Depois de várias voltas, de passar pelo Miradouro do Cabo Girão e ver as vistas largas para o enorme oceano Atlântico, enveredámos pela estrada que rasgou a ilha há mais de 130 anos através da Serra de Água. Estrada que passa mesmo pela Taberna da Poncha. E em Roma, sê Romano. Não se vai à Taberna da Poncha com pejo de beber.
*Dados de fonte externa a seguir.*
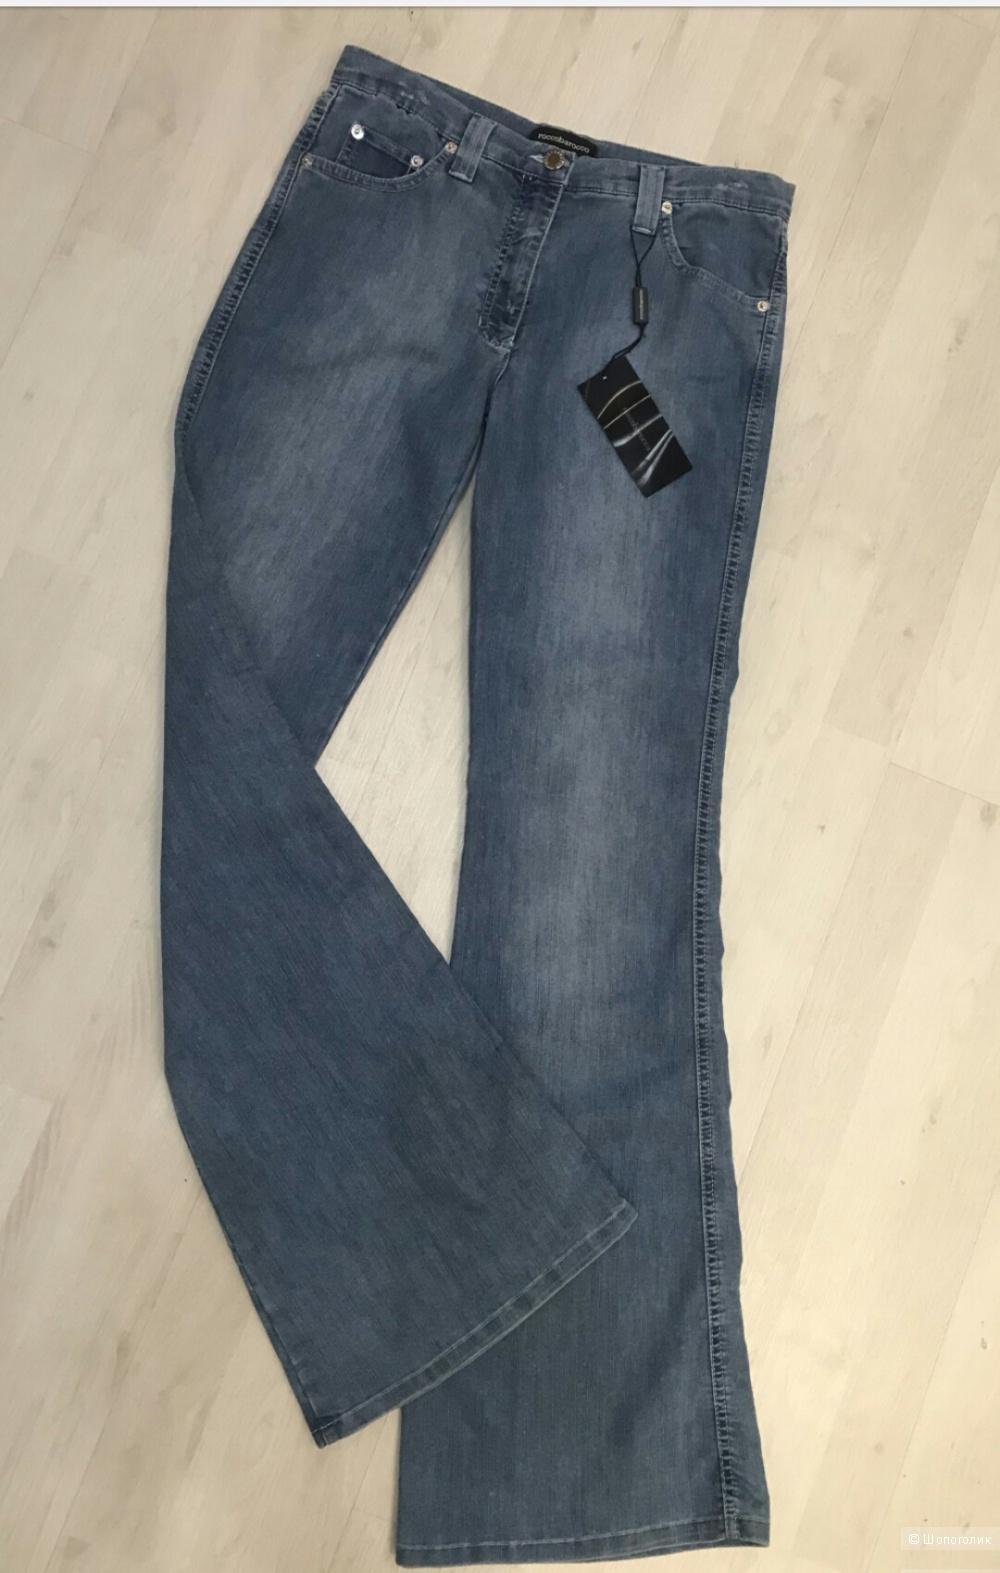 Пальто Mauritius,  джинсы Roccobarocco, р 46-48
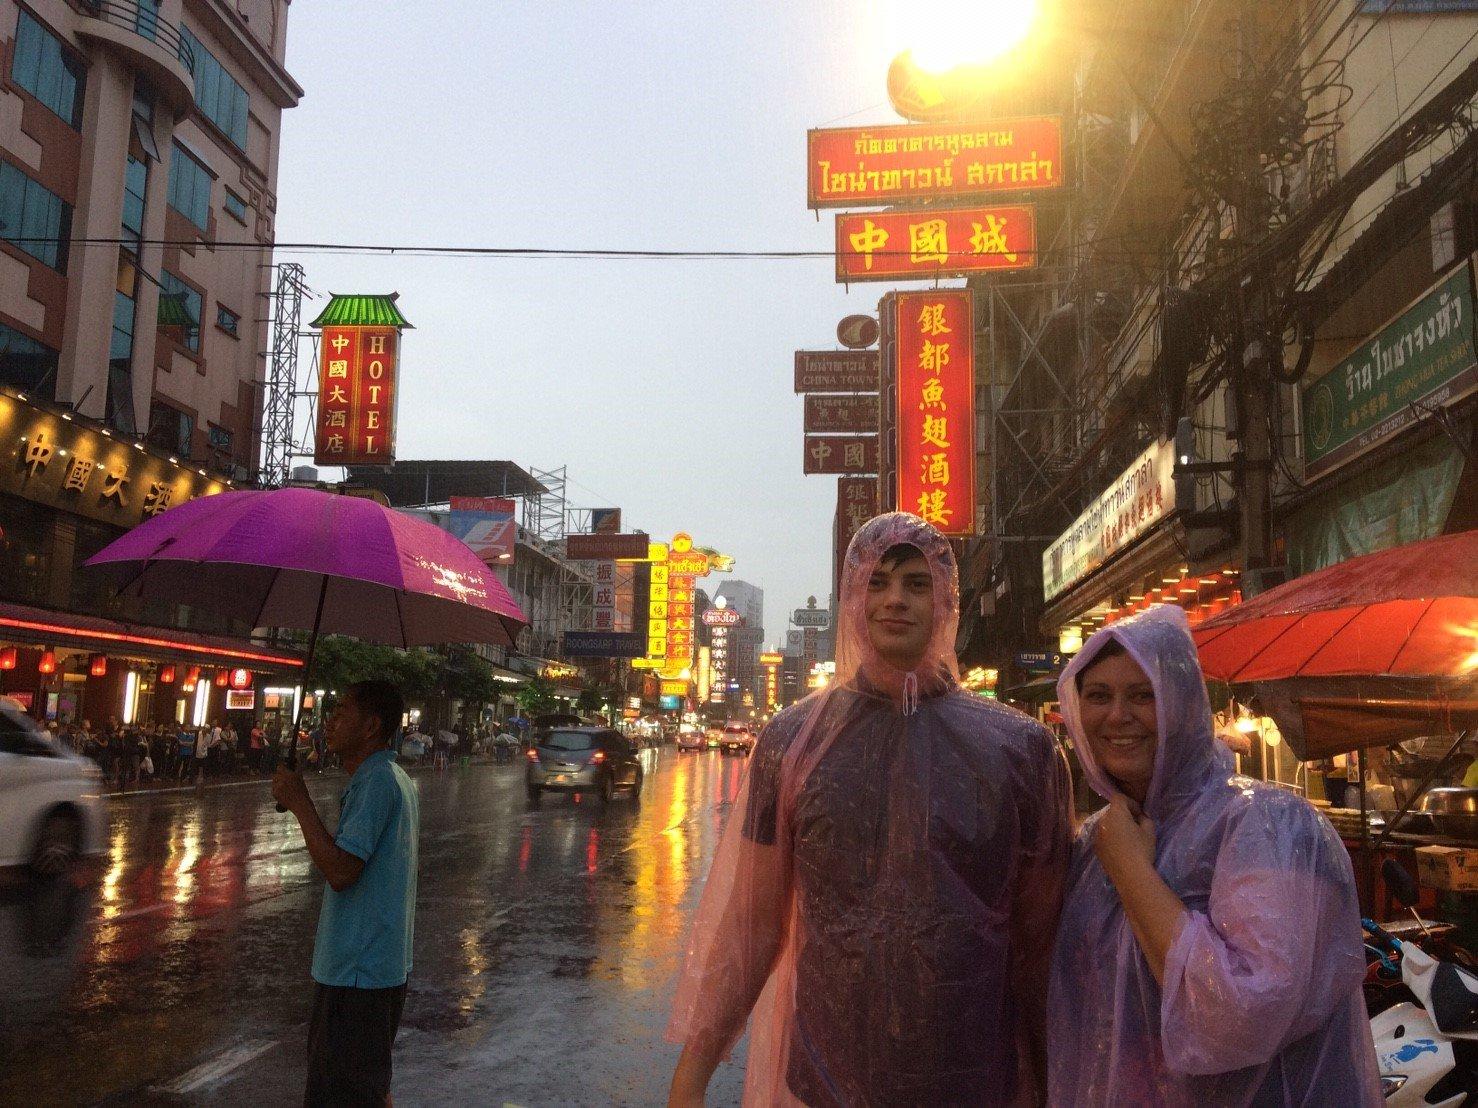 Chinatown 070717_๑๗๐๗๑๐_0022

O pequeno espaço encaixado no vale sombrio parece uma casa de bonecas, na sua traça antiga, nas madeiras e nos objetos que remetem para outros tempos, quando ainda era uma mercearia, ou até antes, a história da casa perde-se nos séculos de existência até que chega às mãos do Sr. Henrique. É ele, que apesar do peso da idade espreme limões numa máquina ruidosa atrás do balcão. Os primeiros minutos que ali estamos são passados a admirar a histórias contadas pelo universo de cartões e mensagens que forram as paredes. Histórias deixadas por forasteiros, depois de umas quantas Ponchas, imagino.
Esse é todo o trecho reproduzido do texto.